Set out word for word the line that contains "Download 货币挪威 库存照片." and each line after it, through the end of the data below, but exclude the pictures.
START Material provided
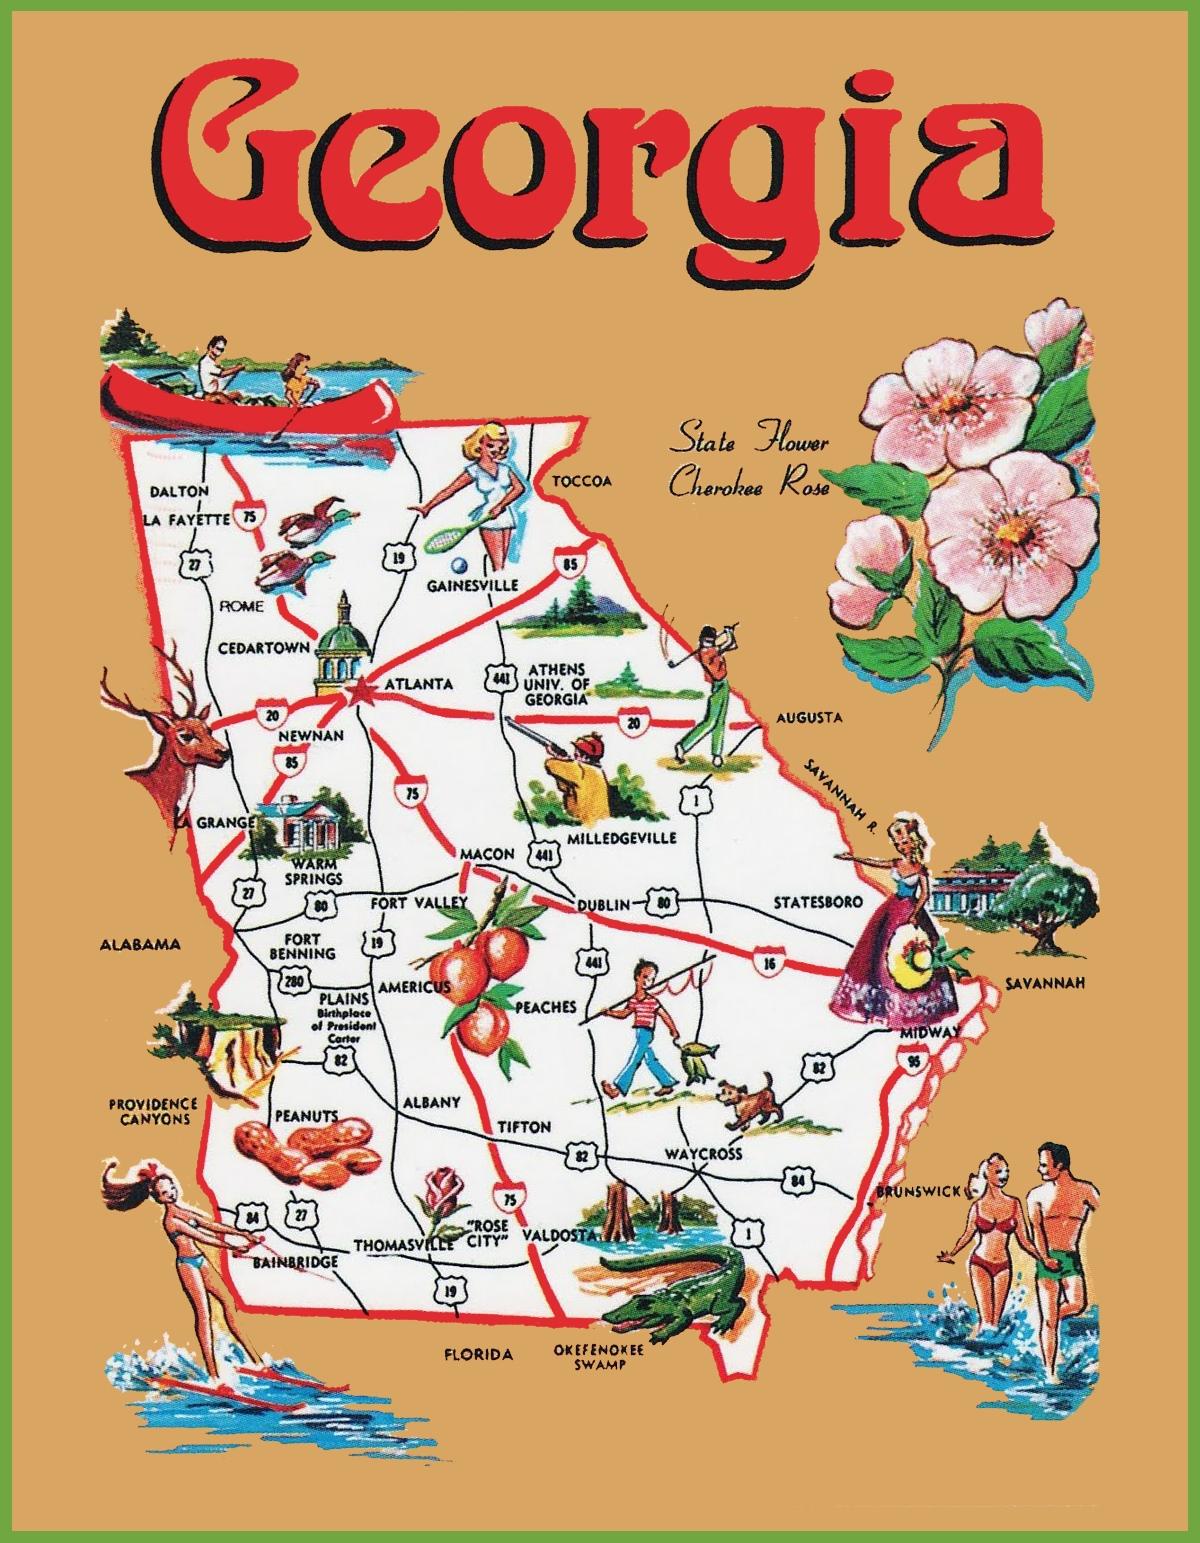 Maps Of Georgia Pictorial travel map of Georgia Maps Of Georgia
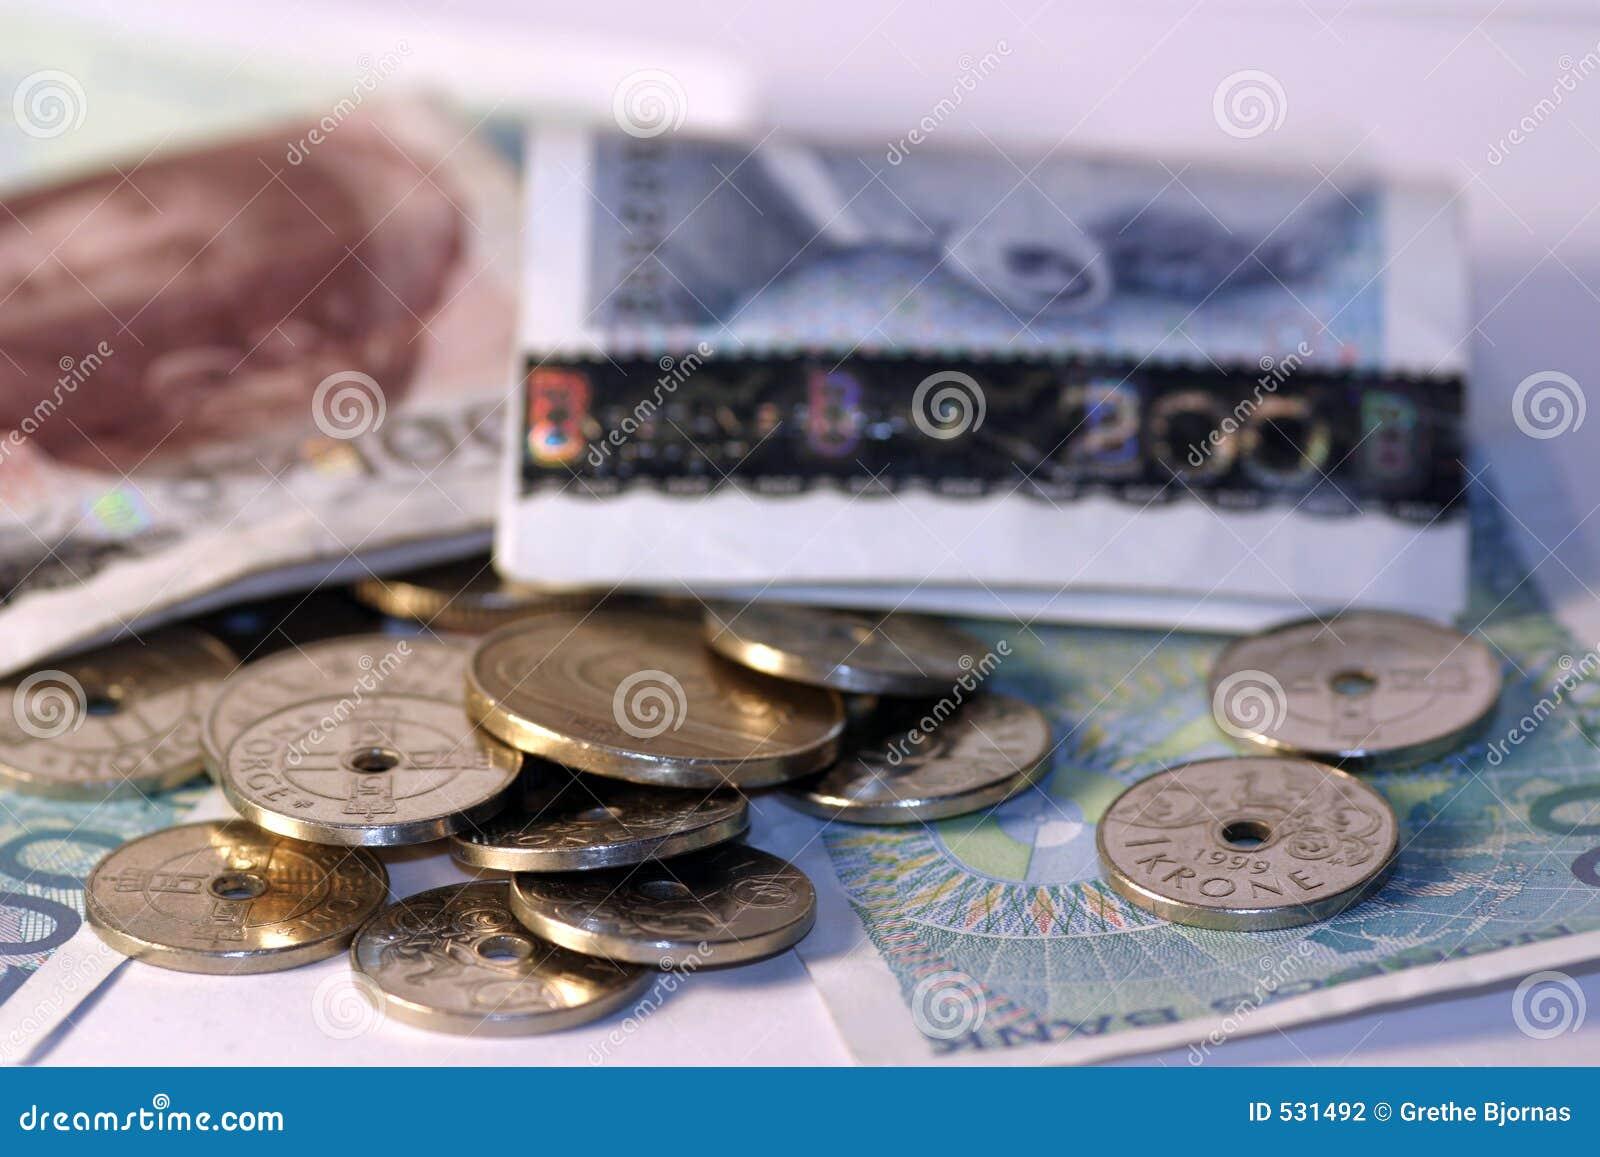 Download 货币挪威 库存照片. 图片 包括有 批次, 硬币, 储蓄, 苍白, 货币, 商业, 特写镜头, 购买, 财务 - 531492
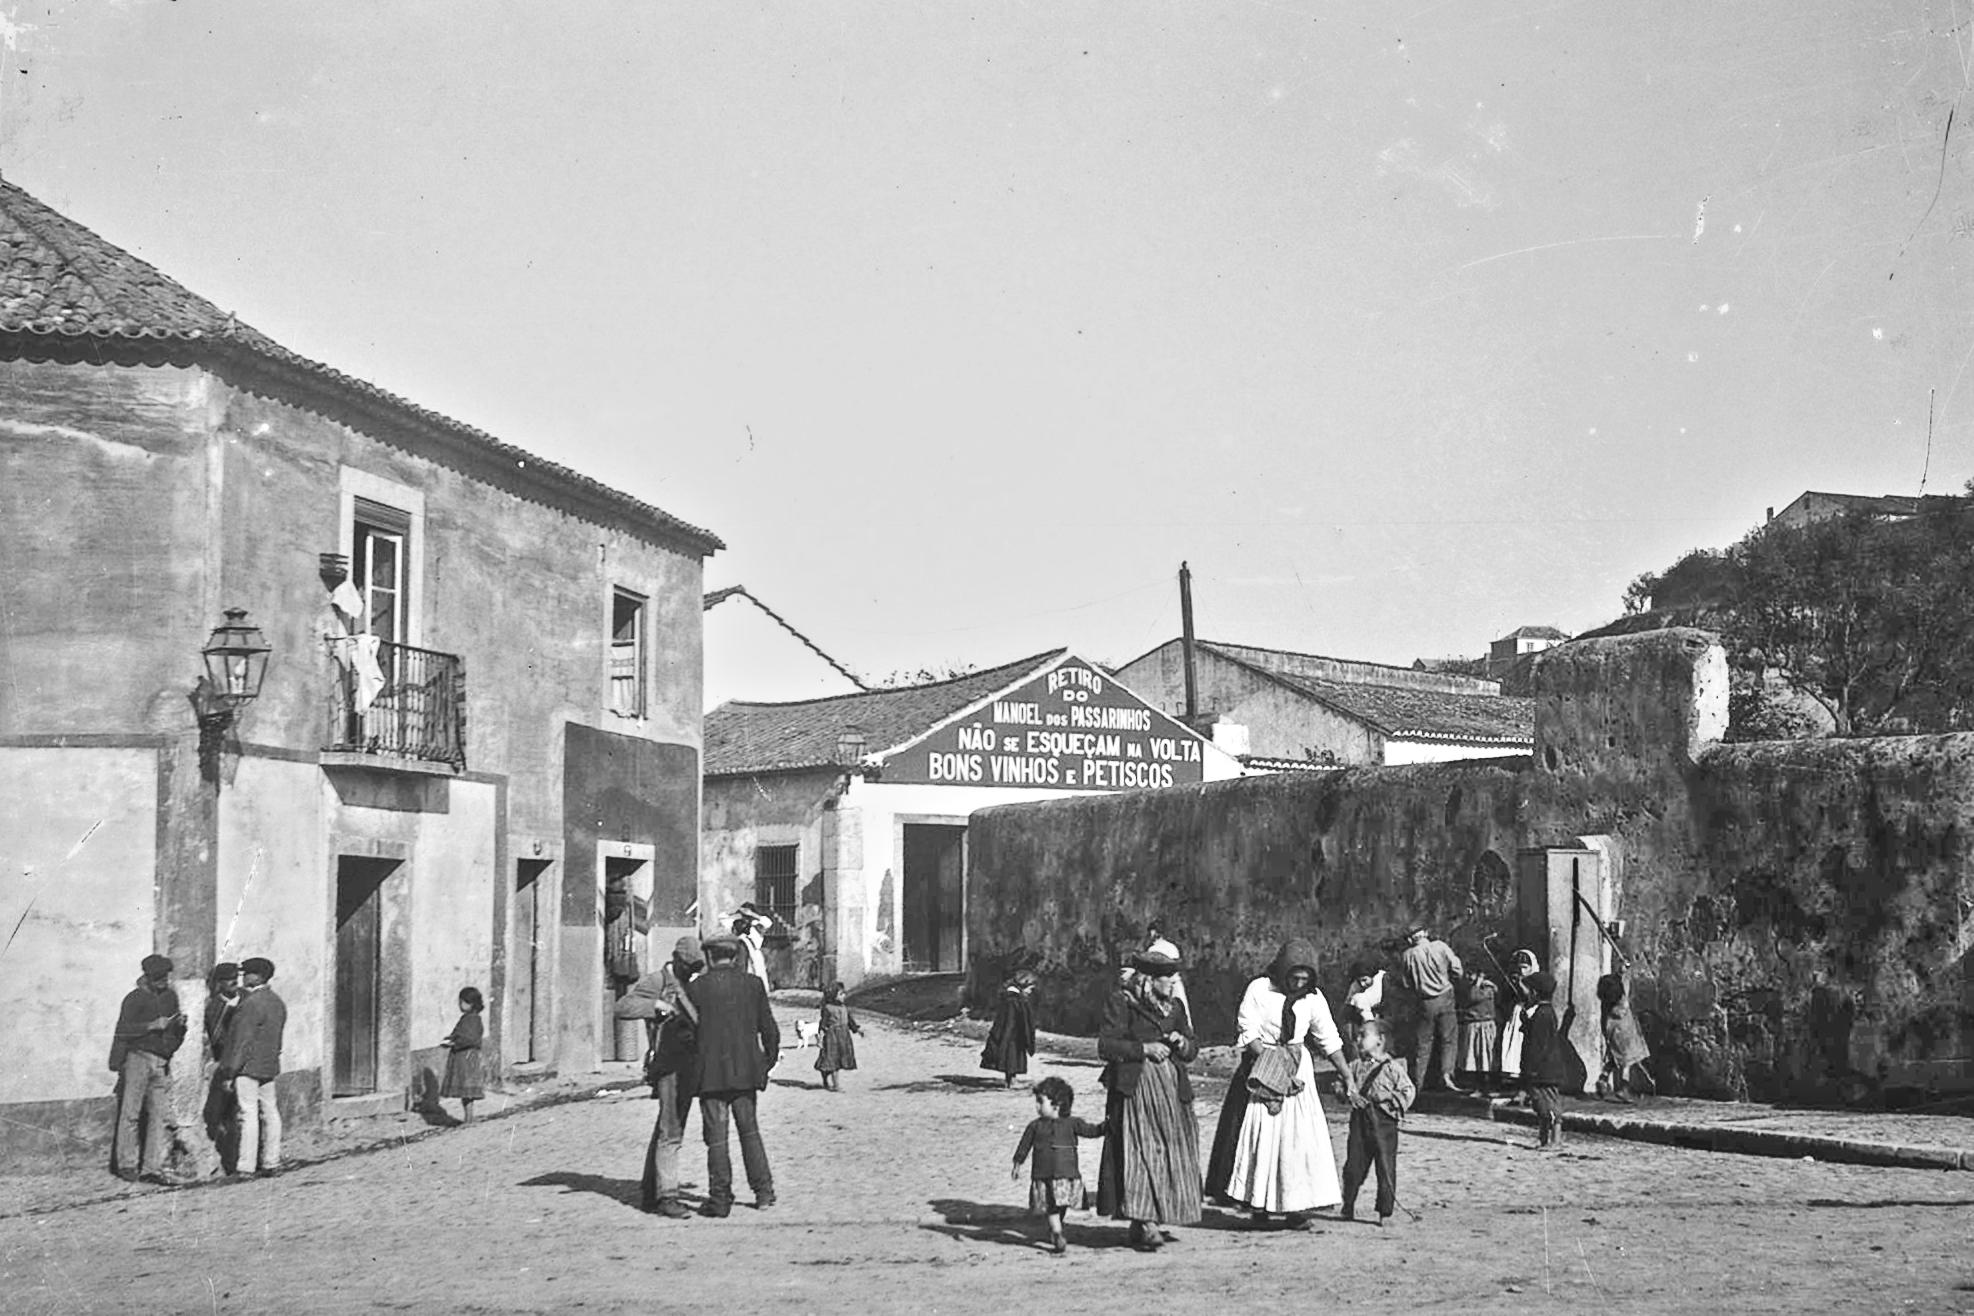 Manuel dos Passarinhos, Lisboa (J.Benoliel, c. 1900)
END Material provided
= Written answer =
 Download 货币挪威 库存照片. 图片 包括有 批次, 硬币, 储蓄, 苍白, 货币, 商业, 特写镜头, 购买, 财务 - 531492
 Manuel dos Passarinhos, Lisboa (J.Benoliel, c. 1900)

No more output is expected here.